▶ **The problem**
Every line from the first one in the listing down to the line with "vogue-jacket-leather-biker-jacket-tan-charleston-image202" should be restated word for word.

+-------+

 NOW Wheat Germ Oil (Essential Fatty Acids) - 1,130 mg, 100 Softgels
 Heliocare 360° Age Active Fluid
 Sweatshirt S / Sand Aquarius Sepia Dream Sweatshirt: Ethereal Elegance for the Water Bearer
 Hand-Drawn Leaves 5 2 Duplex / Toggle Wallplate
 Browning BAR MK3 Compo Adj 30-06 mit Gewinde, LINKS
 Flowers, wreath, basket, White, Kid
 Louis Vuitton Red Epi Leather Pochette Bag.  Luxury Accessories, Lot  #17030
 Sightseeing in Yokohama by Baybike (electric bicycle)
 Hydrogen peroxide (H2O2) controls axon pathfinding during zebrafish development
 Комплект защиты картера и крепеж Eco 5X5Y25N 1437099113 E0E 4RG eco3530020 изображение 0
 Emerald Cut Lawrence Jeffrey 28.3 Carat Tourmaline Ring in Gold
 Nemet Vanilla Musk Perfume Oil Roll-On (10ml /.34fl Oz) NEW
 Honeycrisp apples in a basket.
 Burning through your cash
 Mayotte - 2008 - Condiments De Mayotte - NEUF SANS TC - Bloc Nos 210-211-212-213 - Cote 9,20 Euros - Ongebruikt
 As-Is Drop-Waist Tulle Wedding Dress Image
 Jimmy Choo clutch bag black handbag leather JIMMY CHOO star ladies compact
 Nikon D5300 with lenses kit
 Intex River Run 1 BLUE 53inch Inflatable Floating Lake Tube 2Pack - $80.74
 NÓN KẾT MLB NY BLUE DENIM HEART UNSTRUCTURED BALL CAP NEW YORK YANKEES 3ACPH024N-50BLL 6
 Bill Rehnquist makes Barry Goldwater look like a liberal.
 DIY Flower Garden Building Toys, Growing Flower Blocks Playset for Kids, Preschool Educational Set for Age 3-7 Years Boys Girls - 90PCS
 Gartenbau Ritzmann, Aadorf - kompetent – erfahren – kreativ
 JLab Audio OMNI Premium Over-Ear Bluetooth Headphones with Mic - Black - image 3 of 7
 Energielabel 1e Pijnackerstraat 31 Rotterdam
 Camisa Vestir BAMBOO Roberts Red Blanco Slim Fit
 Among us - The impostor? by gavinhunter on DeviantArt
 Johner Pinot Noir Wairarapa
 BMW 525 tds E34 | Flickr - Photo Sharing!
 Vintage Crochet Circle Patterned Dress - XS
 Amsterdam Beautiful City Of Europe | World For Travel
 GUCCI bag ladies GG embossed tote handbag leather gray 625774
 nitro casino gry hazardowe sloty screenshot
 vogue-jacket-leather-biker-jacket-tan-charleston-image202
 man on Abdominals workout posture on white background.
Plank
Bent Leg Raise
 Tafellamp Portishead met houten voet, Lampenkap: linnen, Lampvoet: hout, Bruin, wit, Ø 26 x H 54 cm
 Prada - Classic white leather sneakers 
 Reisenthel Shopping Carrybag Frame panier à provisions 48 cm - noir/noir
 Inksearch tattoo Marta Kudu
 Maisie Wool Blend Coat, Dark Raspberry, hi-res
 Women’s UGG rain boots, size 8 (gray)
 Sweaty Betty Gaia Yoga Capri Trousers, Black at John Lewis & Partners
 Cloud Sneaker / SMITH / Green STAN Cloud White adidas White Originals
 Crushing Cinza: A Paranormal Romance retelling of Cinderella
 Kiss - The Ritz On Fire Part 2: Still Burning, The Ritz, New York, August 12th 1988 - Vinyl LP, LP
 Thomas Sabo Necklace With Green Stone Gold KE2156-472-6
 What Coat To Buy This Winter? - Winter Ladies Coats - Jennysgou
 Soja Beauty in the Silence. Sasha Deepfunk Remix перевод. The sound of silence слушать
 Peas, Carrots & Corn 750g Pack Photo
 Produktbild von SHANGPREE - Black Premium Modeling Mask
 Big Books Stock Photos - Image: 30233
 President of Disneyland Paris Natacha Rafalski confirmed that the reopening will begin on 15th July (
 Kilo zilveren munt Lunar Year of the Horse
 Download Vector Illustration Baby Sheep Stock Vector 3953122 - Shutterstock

+-------+

▶ **Output of the exercise**
 NOW Wheat Germ Oil (Essential Fatty Acids) - 1,130 mg, 100 Softgels
 Heliocare 360° Age Active Fluid
 Sweatshirt S / Sand Aquarius Sepia Dream Sweatshirt: Ethereal Elegance for the Water Bearer
 Hand-Drawn Leaves 5 2 Duplex / Toggle Wallplate
 Browning BAR MK3 Compo Adj 30-06 mit Gewinde, LINKS
 Flowers, wreath, basket, White, Kid
 Louis Vuitton Red Epi Leather Pochette Bag.  Luxury Accessories, Lot  #17030
 Sightseeing in Yokohama by Baybike (electric bicycle)
 Hydrogen peroxide (H2O2) controls axon pathfinding during zebrafish development
 Комплект защиты картера и крепеж Eco 5X5Y25N 1437099113 E0E 4RG eco3530020 изображение 0
 Emerald Cut Lawrence Jeffrey 28.3 Carat Tourmaline Ring in Gold
 Nemet Vanilla Musk Perfume Oil Roll-On (10ml /.34fl Oz) NEW
 Honeycrisp apples in a basket.
 Burning through your cash
 Mayotte - 2008 - Condiments De Mayotte - NEUF SANS TC - Bloc Nos 210-211-212-213 - Cote 9,20 Euros - Ongebruikt
 As-Is Drop-Waist Tulle Wedding Dress Image
 Jimmy Choo clutch bag black handbag leather JIMMY CHOO star ladies compact
 Nikon D5300 with lenses kit
 Intex River Run 1 BLUE 53inch Inflatable Floating Lake Tube 2Pack - $80.74
 NÓN KẾT MLB NY BLUE DENIM HEART UNSTRUCTURED BALL CAP NEW YORK YANKEES 3ACPH024N-50BLL 6
 Bill Rehnquist makes Barry Goldwater look like a liberal.
 DIY Flower Garden Building Toys, Growing Flower Blocks Playset for Kids, Preschool Educational Set for Age 3-7 Years Boys Girls - 90PCS
 Gartenbau Ritzmann, Aadorf - kompetent – erfahren – kreativ
 JLab Audio OMNI Premium Over-Ear Bluetooth Headphones with Mic - Black - image 3 of 7
 Energielabel 1e Pijnackerstraat 31 Rotterdam
 Camisa Vestir BAMBOO Roberts Red Blanco Slim Fit
 Among us - The impostor? by gavinhunter on DeviantArt
 Johner Pinot Noir Wairarapa
 BMW 525 tds E34 | Flickr - Photo Sharing!
 Vintage Crochet Circle Patterned Dress - XS
 Amsterdam Beautiful City Of Europe | World For Travel
 GUCCI bag ladies GG embossed tote handbag leather gray 625774
 nitro casino gry hazardowe sloty screenshot
 vogue-jacket-leather-biker-jacket-tan-charleston-image202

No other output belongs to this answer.